Simultanously (as ever) Falling Man by John Dellio-for work related to some other 9/11 work I may teach next year, so far it isn't gripping me but the moments he captures are quite effective.
The Versuvius Club-Mark Gatiss, finally now getting to read his novels and I love it! Fabulous wit. I have such an intellectual crush on the man anyway so I'll spare you the gushing.

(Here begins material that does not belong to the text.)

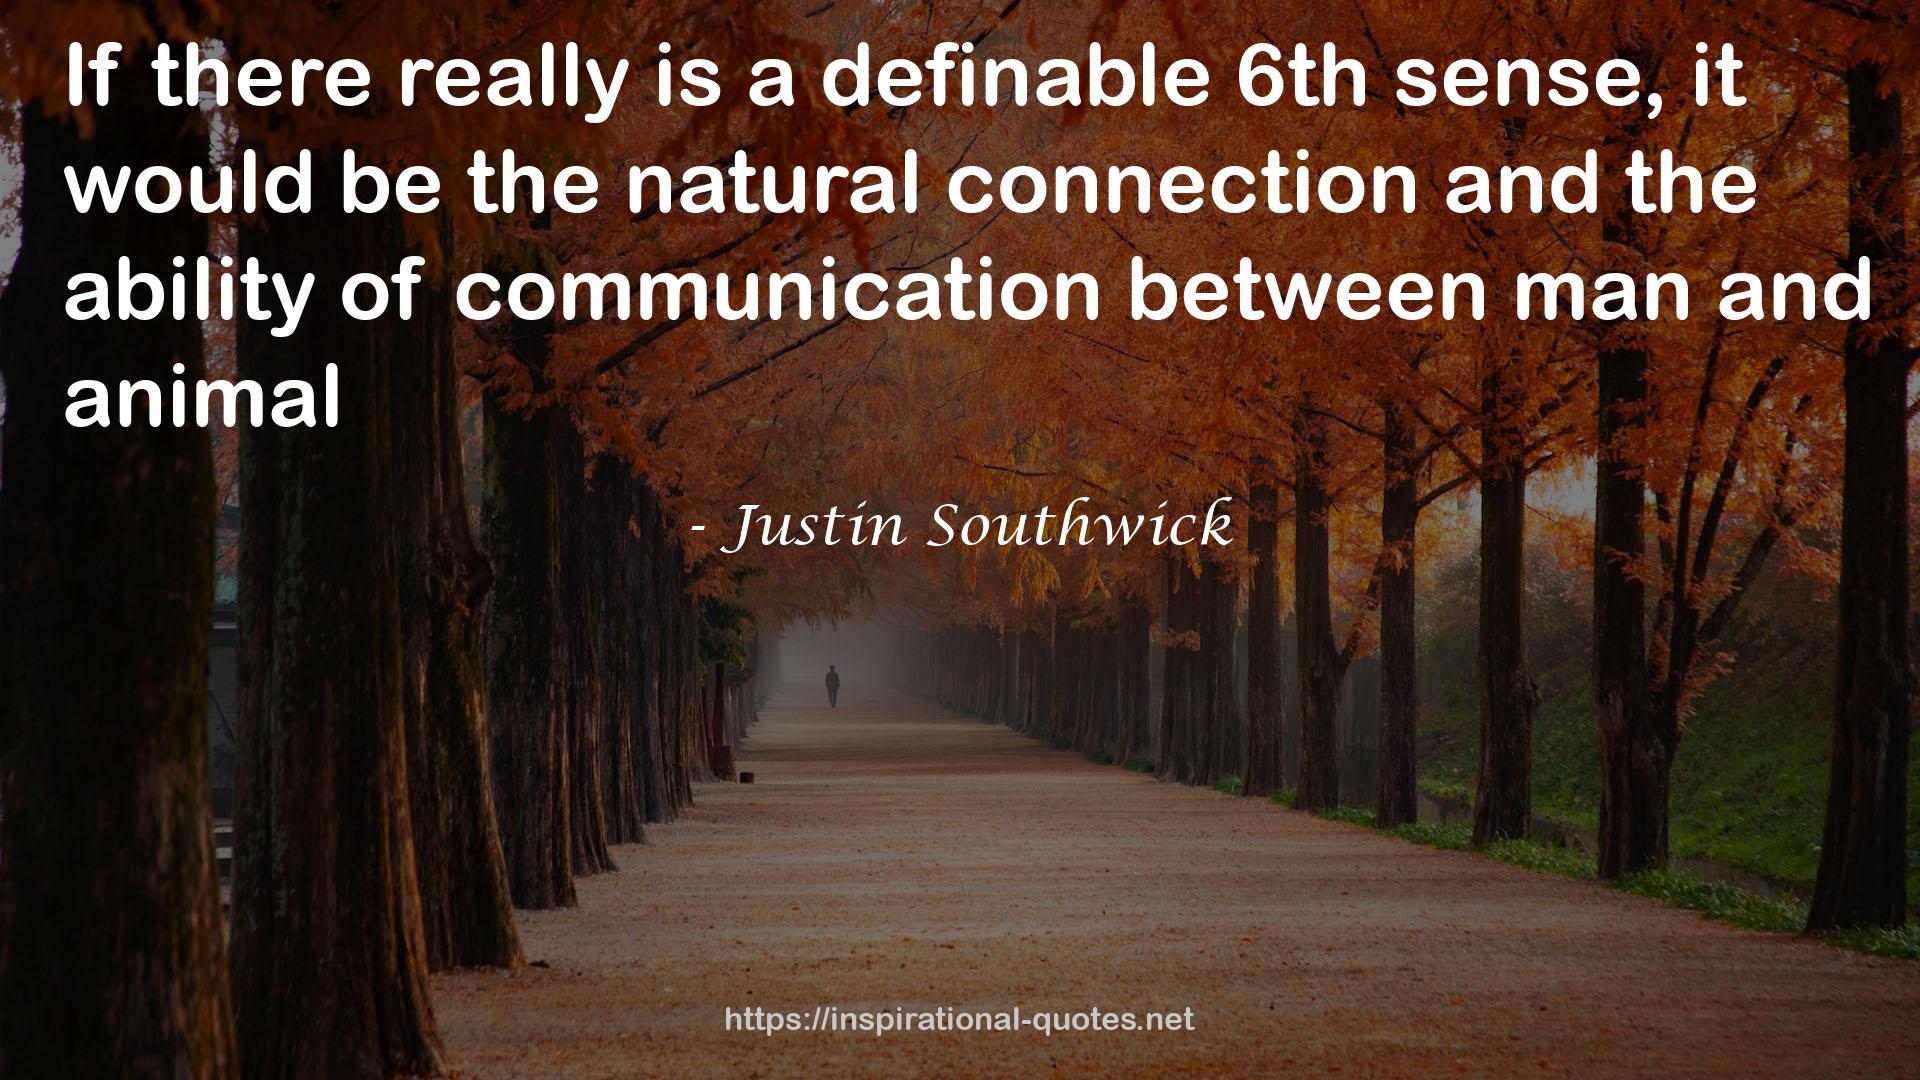 Justin Southwick QUOTES

Maybe I'm on nobody's side
http://phdconfessions.blogspot.com/
I'm part of the way through A Singular Woman by Janny Scott. It's a biography of Obama's mother. I'm finding it to be fascinating. She had so many dimensions and lived an unusual life. She clearly had an extraordinary love for her children and was dedicated to them receiving the best possible education, but at the same time, she made choices, as a mother, that were (are) controversial. (Full disclosure: I'm "reading" this as an audiobook. I have a much longer commute now that we've moved and I get motion sickness when I try to read print. And YES, I'm a tad defensive because this is an ongoing argument in my family as to whether listening to an audiobook is really reading.)
Sueleen Gay: "Here you go, Bitch, now go make some fukcing lemonade." 10/28/10
I'm reading "The Love Story Behind Gone with the Wind", about the relationship between Margaret Mitchell and John Marsh. Long (about 600 pages), but very readable and engrossing.
yoda, I was going to read "My Own Country" first but the evening I was told about these two books, standing in the SRO line for Book of Mormon, I didn't get a ticket and went over to see "The Normal Heart". I decided to read Cutting for Stone First after that. I didn't know there was a movie.
"Cutting for Stone" is good but pretty detailed. It is going to take me a while to get through it.
I am in the middle of A Storm of Swords by George R. R. Martin. In the past 7 weeks I have read A Game of Thrones and A Clash of Kings. I have book 4, A Feast for Crows on deck. I can't put them down! Book 5, A Dance of Dragons comes out in July. It takes him YEARS between books, so after that, I will be a sad little pup.
Pretty pretty please don't you ever ever feel like you're less than f**ckin' perfect!
"You travel alone because other people are only there to remind you how much that hook hurts that we all bit down on. Wait for that one day we can bite free and get back out there in space where we belong, sail back over water, over skies, into space, the hook finally out of our mouths and we wander back out there in space spawning to other planets never to return hurrah to earth and we'll look back and can't even see these lives here anymore. Only the taste of blood to remind us we ever existed. The earth is small. We're gone. We're dead. We're safe."
-John Guare, Landscape of the Body
I have been wanting to read 'Some Sing, Some Cry" but while I was moving, the stores seemed to run out of the hardback and the paperback doesn't come out until September.